I think a 6lowpan BR is not a stub router and doesn't send RAs--it uses proxy ARP. I think it would be cool if that document were updated to advise implementing a stub router instead, but that's out of scope.

"In the second case, the two stub routers could wind up in a cycle of publishing and deprecating their prefixes as they see prefixes from the other stub router show up.
The stub router document [I-D.ietf-snac-simple] explains how two stub routers decide which one has precedence in the event of a conflict."

--> This part is somewhat confusing. Maybe emphasize that we need to distinguish between unconfigured stub routers and all "other" routers here, pointing to snac-simple, instead of focusing on the problem / conflict here.
   The first sentence could be replaced by:
   "The stub router needs a method to distinguish between these two sources."

One way to fix this would be to say:

"In the second case, stub routers need to be able to tell whether an RA is from another stub router or an infrastructure router. Without the stub router RA flag,  two stub routers would not be able to make this distinction. In situations where both stub routers publish their initial RAs relatively simultaneously, this could then result in an endless cycle of deprecations."

"However, the infrastructure prefix always has precedence over a prefix provided by any stub router."
--> "However, a suitable infrastructure-provided prefix always has precedence over a self-generated prefix provided by any stub router."
(Note here that stub routers could be either unconfigured, or configured (managed). The lower precedence is only for the unconfigured ones.)
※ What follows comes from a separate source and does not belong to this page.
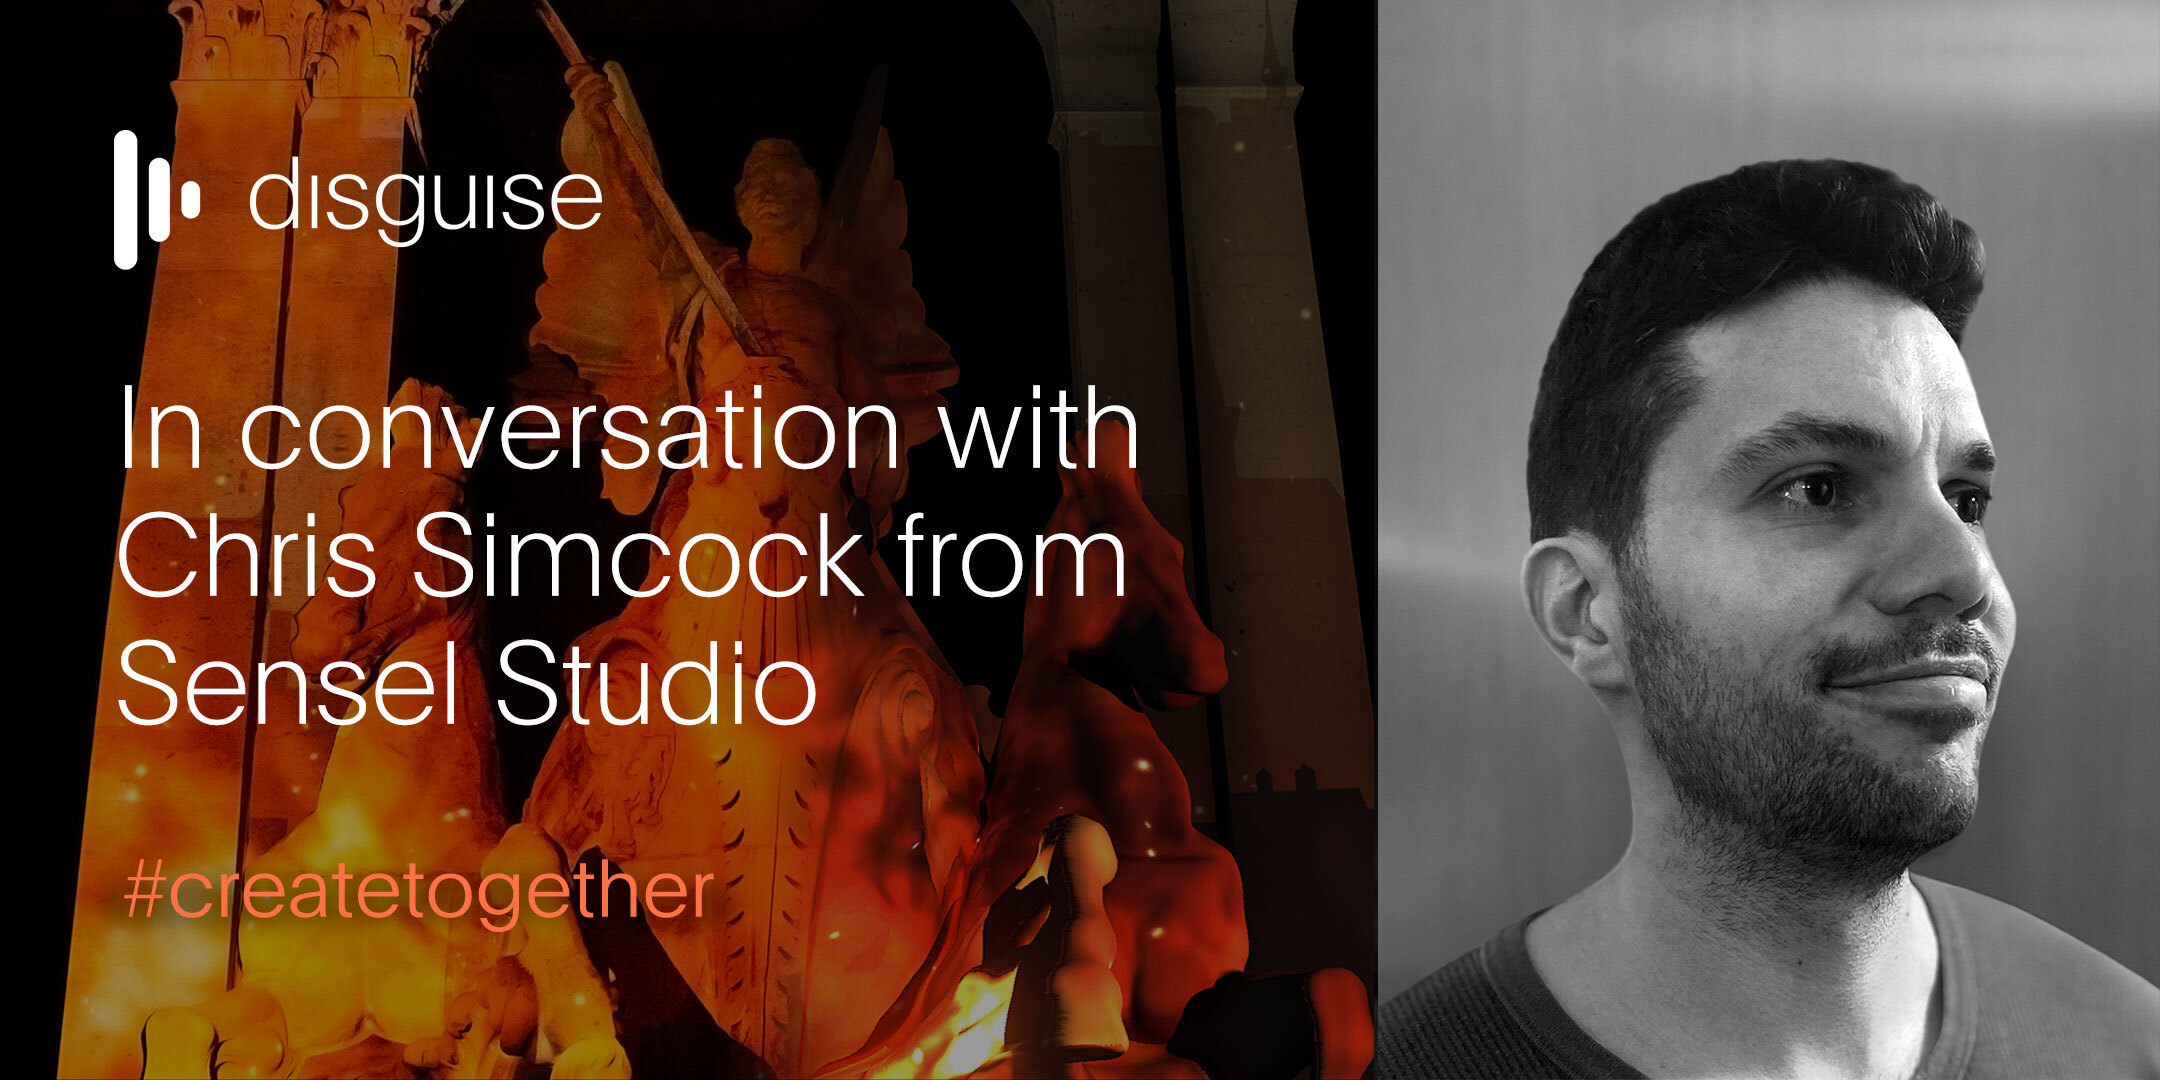 In conversation with Chris Simcock from Sensel Studio

Not needed, no such thing as a managed stub router.

2. Terminology
--> Include here by reference all the terms of [I-D.ietf-snac-simple]

Sure.

4. Router Advertisement Transmission
--> see my comments on top - to add here the explicit requirement that a stub router that is configured/managed (i.e. part of infrastructure routers) MUST NOT set the stub router flag ?

Again, no such thing.

"How and when a stub router sets the M and O flags in outgoing RAs is specified in [I-D.ietf-snac-simple]."
--> "How a stub router sets the other flags in outgoing RAs, and when these RAs are sent, is specified in [I-D.ietf-snac-simple]. "
(Seems best to generically refer to all other flags. This then requires pulling out the "when" part.)
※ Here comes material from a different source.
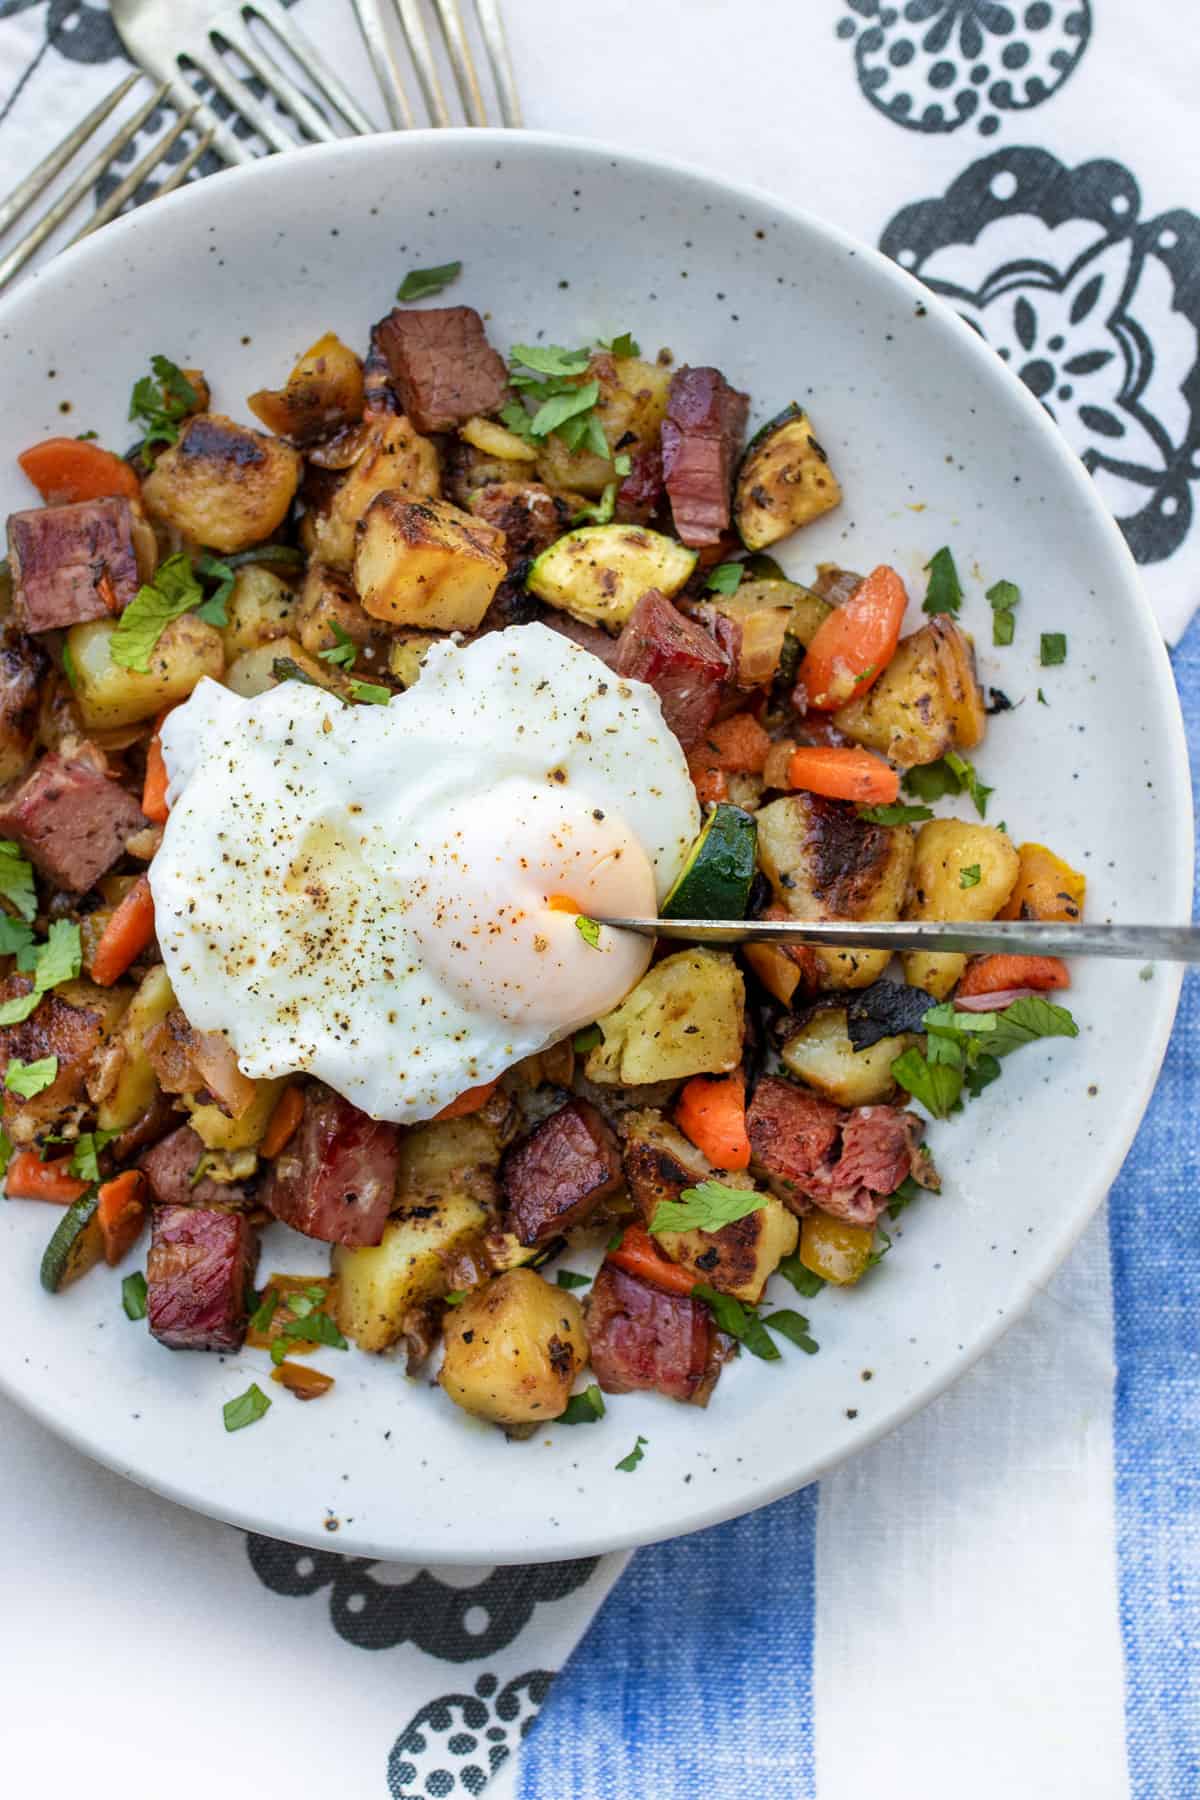 Corned beef hash with carrots, peppers and zucchini in the mix, topped with a poached egg that has a knife cutting into the yolk.

I tihink this text could be clearer:


Additionally, the RA header includes M and O flags that indicate whether DHCPv6 is available on the link. Section 6.3.4<https://rfc-editor.org/rfc/rfc4861#section-6.3.4> of [RFC4861<https://www.ietf.org/archive/id/draft-hui-stub-router-ra-flag-02.html#RFC4861>] specifies that hosts consider the most recently received information as authoritative. In order to avoid overriding whatever the infrastructure router is advertising, [draft-ietf-snac-simple] requires stub routers to mirror the M and O values in RAs received from infrastructure routers. The Stub Router flag provides a way for stub routers to correctly make this distinction.

"A stub router"
--> should we constrain this specifically to "A stub router implementing [I-D.ietf-snac-simple]" ?
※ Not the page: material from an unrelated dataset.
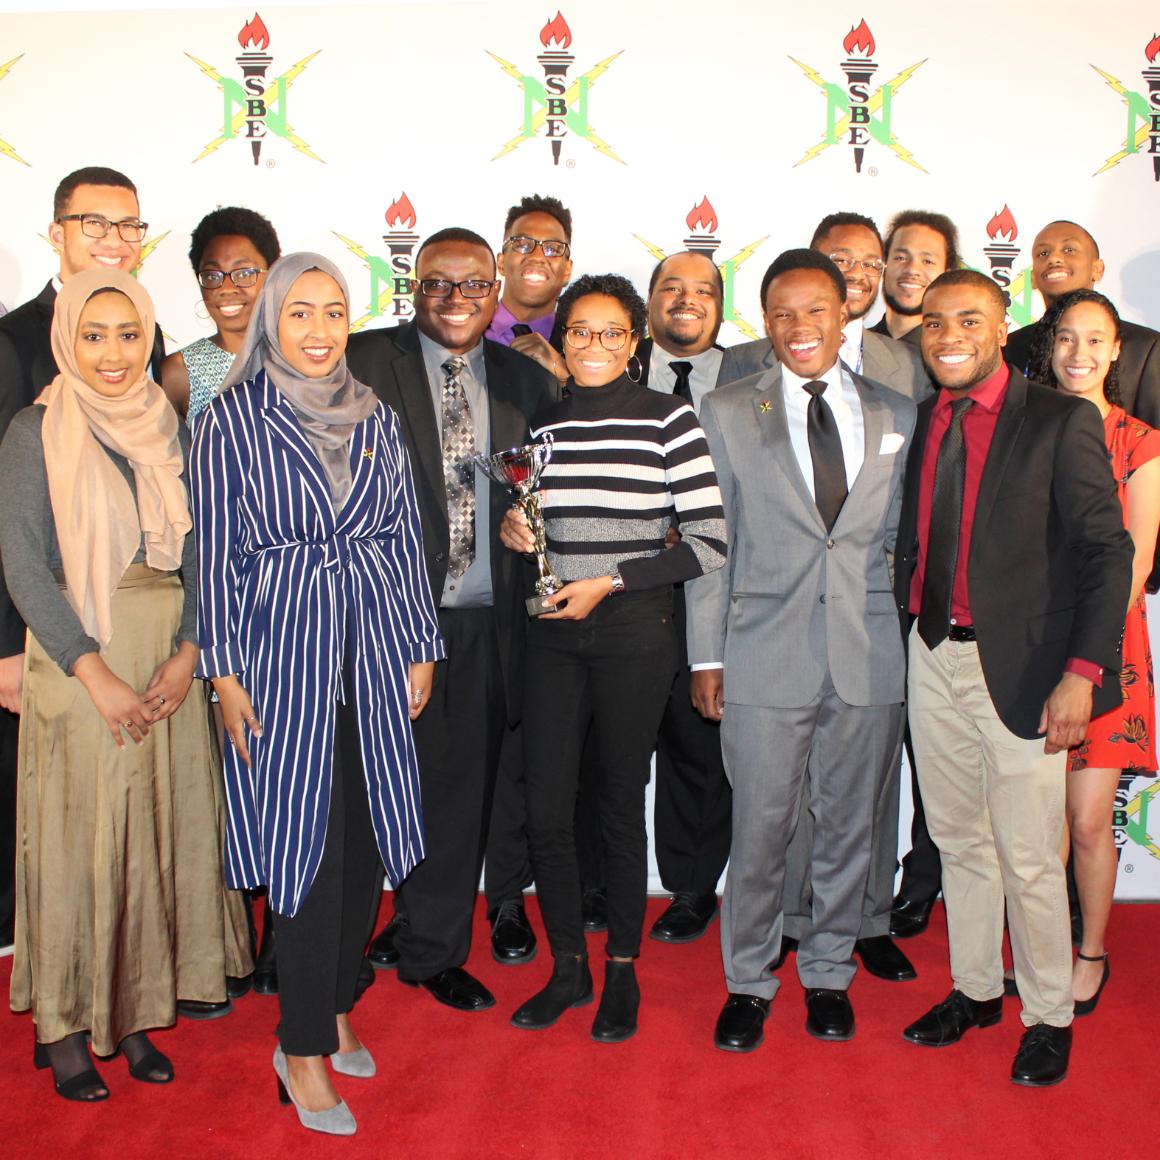 SCU NSBE students pose with their Best Small Chapter Award image link to story

There are no other stub routers yet. Bear in mind that the "infrastructure-supported stub router" draft that we're planning to do after snac-simple is still a case where stub routers are unmanaged; the difference is that stub routers in the second draft will be able to discover and use services on infrastructure.

5. IANA Considerations
--> Table 1 add caption

6. Security Considerations
--> best to expand "NDP" here - I don't see that acronym used in 4861, nor in the draft elsewhere.

We could add that there are no known security issues of setting the new flag, or spoofing it.

Yup. Thanks for the review! Looks like we need another spin of the document before we present it to 6man.